To illustrate how removing features can improve performance, you will do polynomial regression for 2 datasets: the same data you used above (2 features) and another with a random ID column (3 features). You can preview these using the cell below. Notice that 2 columns are identical and a 3rd one is added to include random numbers.

Code
# Prepare dataset with randomID feature
x_train, y_train, x_cv, y_cv, x_test, y_test = utils.prepare_dataset('data/c2w3_lab2_data2.csv')

# Preview the first 5 rows
print(f"first 5 rows of the training set with 2 features:\n {x_train[:5]}\n")

# Prepare dataset with randomID feature
x_train, y_train, x_cv, y_cv, x_test, y_test = utils.prepare_dataset('data/c2w3_lab2_data3.csv')

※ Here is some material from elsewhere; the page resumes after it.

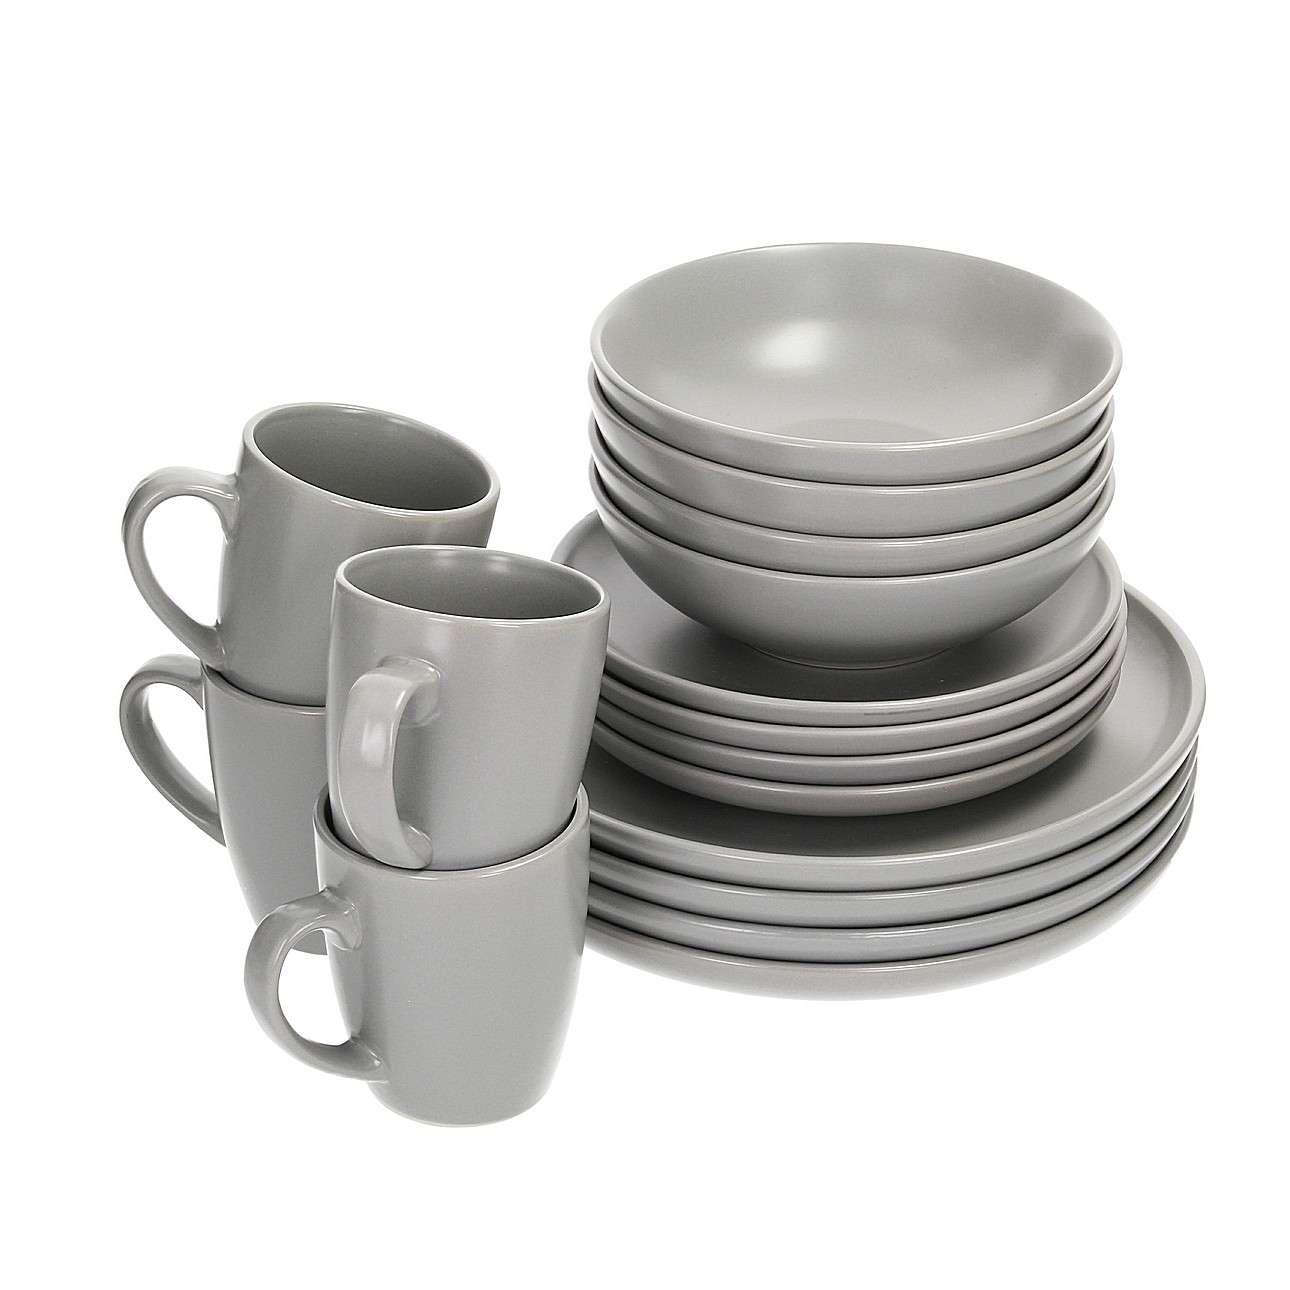 Zestaw obiadowy Vivo Grey 4/16

# Preview the first 5 rows
print(f"first 5 rows of the training set with 3 features (1st column is a random ID):\n {x_train[:5]}\n")
first 5 rows of the training set with 2 features:
 [[3.75757576e+03 5.49494949e+00]
 [2.87878788e+03 6.70707071e+00]
 [3.54545455e+03 3.71717172e+00]
 [1.57575758e+03 5.97979798e+00]
 [1.66666667e+03 1.61616162e+00]]

first 5 rows of the training set with 3 features (1st column is a random ID):
 [[1.41929130e+07 3.75757576e+03 5.49494949e+00]
 [1.51868310e+07 2.87878788e+03 6.70707071e+00]
 [1.92662630e+07 3.54545455e+03 3.71717172e+00]
 [1.25222490e+07 1.57575758e+03 5.97979798e+00]
 [1.76537960e+07 1.66666667e+03 1.61616162e+00]]

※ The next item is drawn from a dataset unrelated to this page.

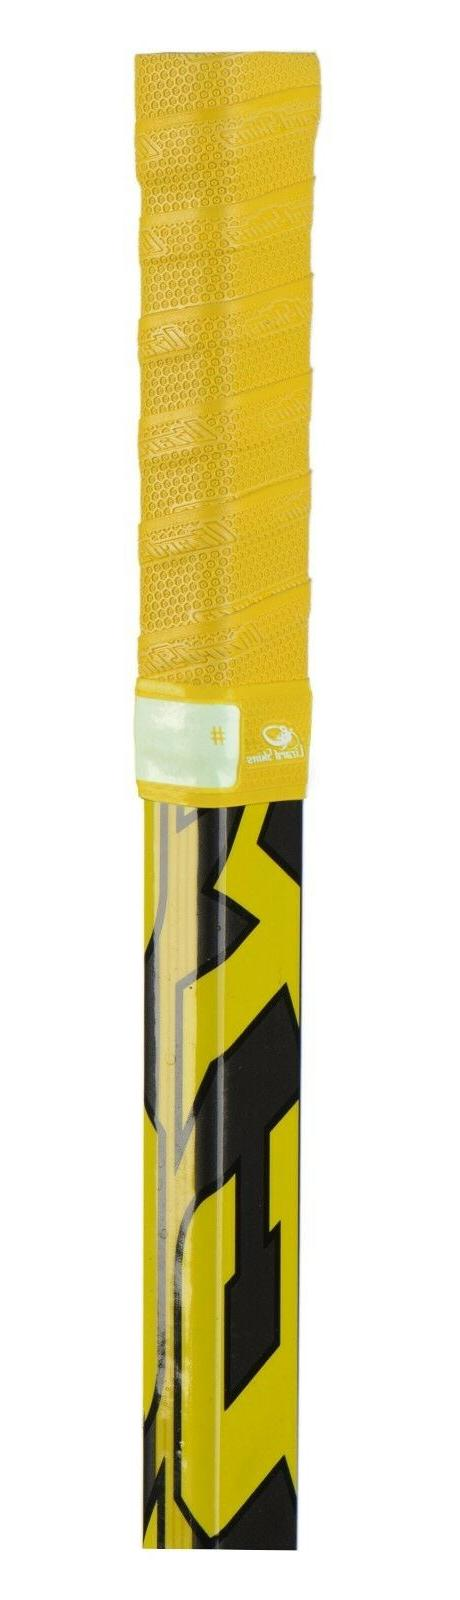 Lizard Skins Hockey Stick Grip Tape Colors

Now you will train the models and plot the results. The solid lines in the plot show the errors for the data with 2 features while the dotted lines show the errors for the dataset with 3 features. As you can see, the one with 3 features has higher cross validation error especially as you introduce more polynomial terms. This is because the model is also trying to learn from the random IDs even though it has nothing to do with the target.

Another way to look at it is to observe the points at degree=4. You’ll notice that even though the training error is lower with 3 features, the gap between the training error and cross validation error is a lot wider than when you only use 2 features. This should also warn you that the model is overfitting.

Code
# Define the model
model = LinearRegression()

# Define properties of the 2 datasets
file1 = {'filename':'data/c2w3_lab2_data3.csv', 'label': '3 features', 'linestyle': 'dotted'}
file2 = {'filename':'data/c2w3_lab2_data2.csv', 'label': '2 features', 'linestyle': 'solid'}
files = [file1, file2]

# Train and plot for each dataset
utils.train_plot_diff_datasets(model, files, max_degree=4, baseline=250)

Get more training examples

Lastly, you can try to minimize the cross validation error by getting more examples. In the cell below, you will train a 4th degree polynomial model then plot the learning curve of your model to see how the errors behave when you get more examples.

Code
# Prepare the dataset
x_train, y_train, x_cv, y_cv, x_test, y_test = utils.prepare_dataset('data/c2w3_lab2_data4.csv')
print(f"the shape of the entire training set (input) is: {x_train.shape}")
print(f"the shape of the entire training set (target) is: {y_train.shape}\n")
print(f"the shape of the entire cross validation set (input) is: {x_cv.shape}")
print(f"the shape of the entire cross validation set (target) is: {y_cv.shape}\n")

# Instantiate the model class
model = LinearRegression()

# Define the degree of polynomial and train the model using subsets of the dataset.
utils.train_plot_learning_curve(model, x_train, y_train, x_cv, y_cv, degree= 4, baseline=250)
the shape of the entire training set (input) is: (600, 2)
the shape of the entire training set (target) is: (600,)

the shape of the entire cross validation set (input) is: (200, 2)
the shape of the entire cross validation set (target) is: (200,)

From the results, it shows that the cross validation error starts to approach the training error as you increase the dataset size. Another insight you can get from this is that adding more examples will not likely solve a high bias problem. That’s because the training error remains relatively flat even as the dataset increases.